Within this environment, agents interact with various elements. The Maze provides structural components that enhance the realism of these interactions, including designated residential and working areas. These areas offer agents contextual cues about their potential actions and conversational topics appropriate for each setting.

Agents perceive their surroundings, noting objects nearby and the presence of other agents.

These observations are stored in their memory, alongside other relevant recollections, informing their subsequent actions.

Armed with these retrieved memories, agents decide on their next steps, whether it’s interacting with the environment or engaging in conversations with other agents.

This ongoing cycle yields a convincing illusion of realism within the simulations.

Figure 2: Various ways in which LLMs are used in degining generative agents.

Figure 2 further clarifies the integration of Language Learning Models (LLMs) in the simulation. Agents act as repositories for memories and events, but when decisions are required, LLMs are consulted for their input.

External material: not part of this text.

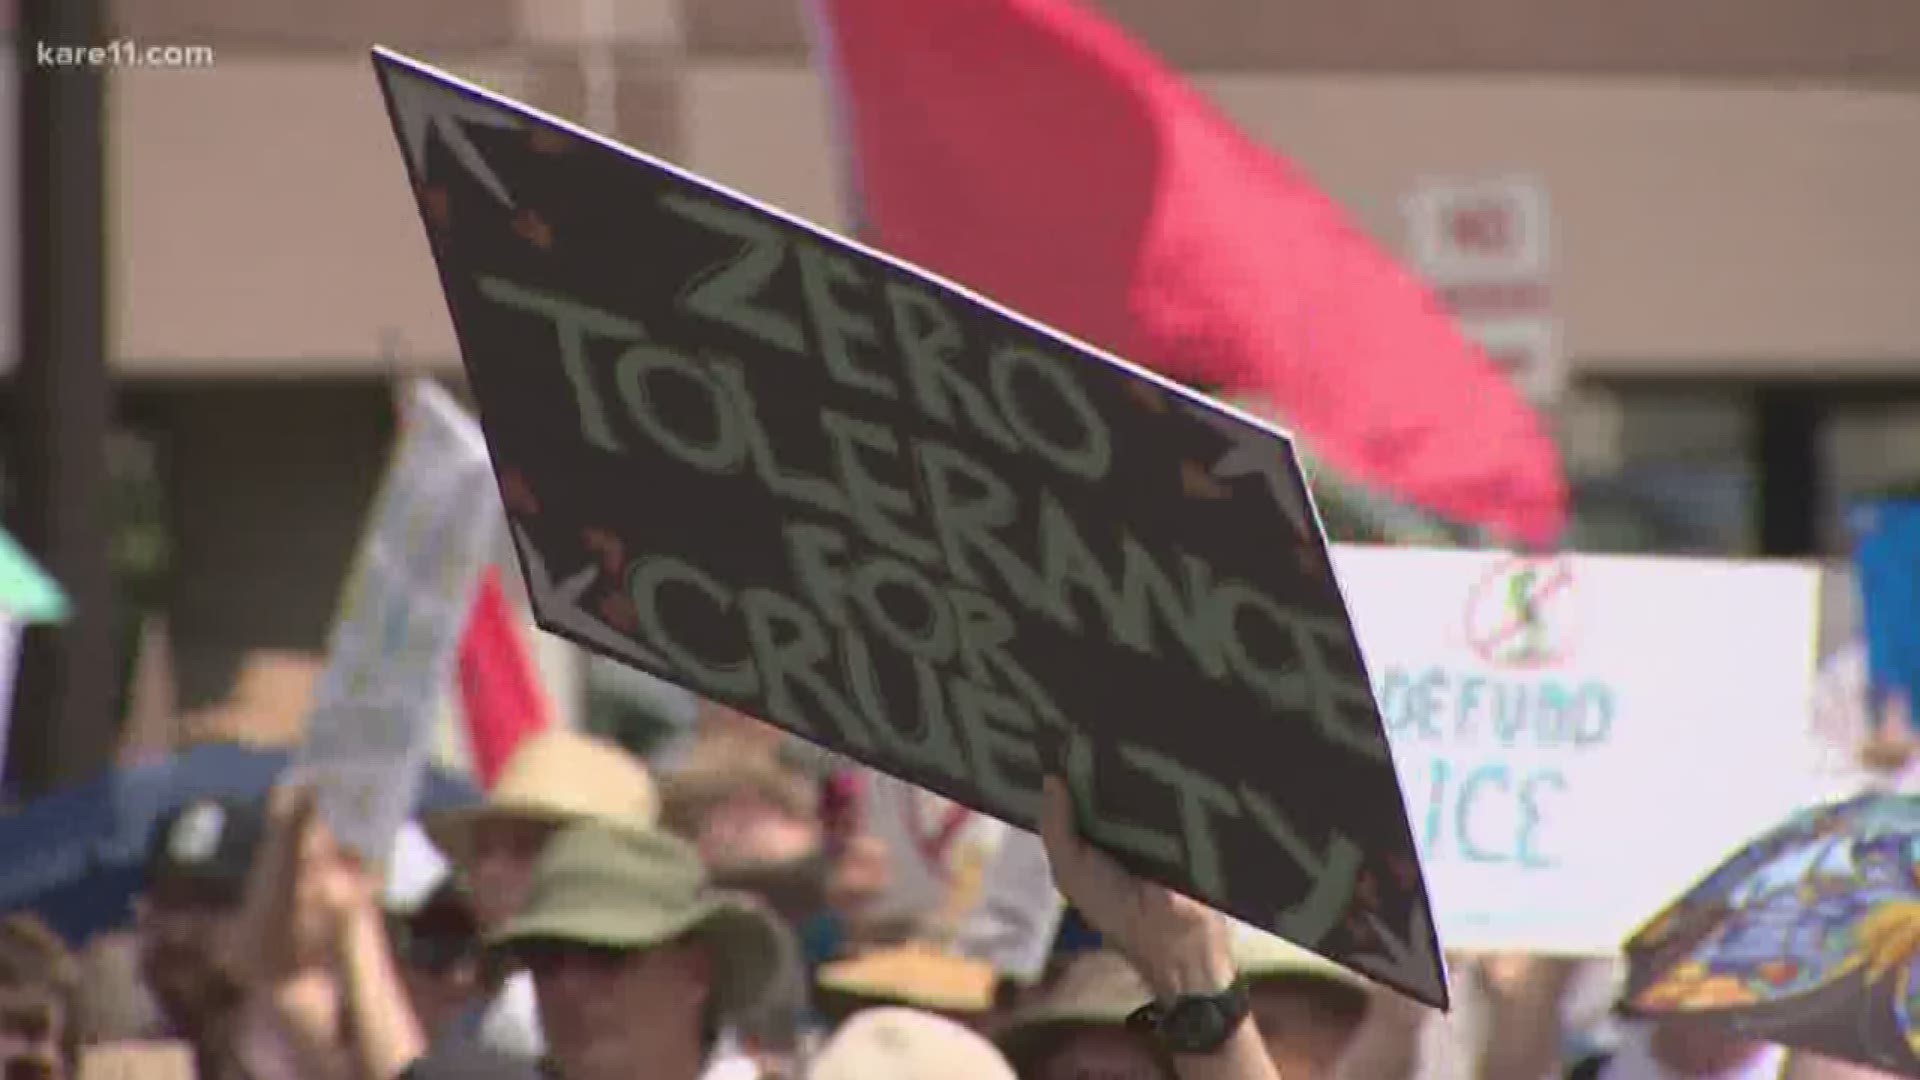 June 30 protesters march in Minneapolis against separating families at the border.

These prompts are enriched with information critical for shaping the response, including the agent’s personality, observations of the surrounding environment, and past events.

It’s crucial to understand that responses from LLMs may not always align with expectations, making the interpretation of these responses a challenge in itself. The tutorial series does not delve into the nuances of parsing LLM feedback.

Tutorial Overview

The original Simulacra code is extensive and complex, presenting challenges in comprehension, especially for newcomers. To facilitate a more accessible introduction, I have streamlined the code by omitting the frontend visualization aspect. This modification results in a simpler environment (Maze) where generative agents navigate. There will be no visual feedback. Nonetheless, their movements can be verified by printing the output of their coordinates.

The primary focus of this tutorial is to construct generative agents equipped with the autonomy to make decisions and interact with others.

This tutorial is structured into a series of four notebooks, gradually building a simulation of an artificial society:

  • Notebook 1.1 - Basic Simulation Structure: Explore fundamental simulation components, including environment interaction and constructing the basic simulation loop.
  • Notebook 1.2 - Building Generative Agents: Delve into the creation of generative agents, focusing on memory structures as discussed in the Simulacra paper..
  • Notebook 1.3 - Agent schedule planning: Develop agents' abilities to plan their schedules, highlighting cognitive process implementation.
  • Notebook 1.4 - Agent Cognition and Communication: Examine agents' cognitive functions such as perception, memory retrieval, and response to events, including conversations with other agents and memory integration.

Note: LLM prompting happens only in the notebooks 1.3 and 1.4.

To streamline the learning process, certain complex components have been excluded from this tutorial, including agents’ reflection and path planning within the environment.

Takeaways from creating this tutorial

  • Function Testing: It's crucial to verify whether individual functions behave as intended. Although simulation developers likely perform this check, creating official tests for each function would greatly enhance ease of testing and adaptability to changes. This becomes particularly challenging in complex simulations where multiple functions interact.
  • Testable Scenarios: Establishing easily testable scenarios is essential for efficient debugging and validation of simulation behavior.
  • Class Design: Thoughtful class design can significantly reduce cognitive overhead by clarifying the purpose and use of each variable, streamlining development and maintenance processes.
  • Using Prompts with LLMs: Mastering prompt use with LLMs presents an interesting challenge. Implementing a failsafe mechanism is critical to ensure resilience in the face of unexpected or unhelpful LLM responses. The effectiveness of various prompting strategies can vary greatly and often depends on the specifics of the LLM being used.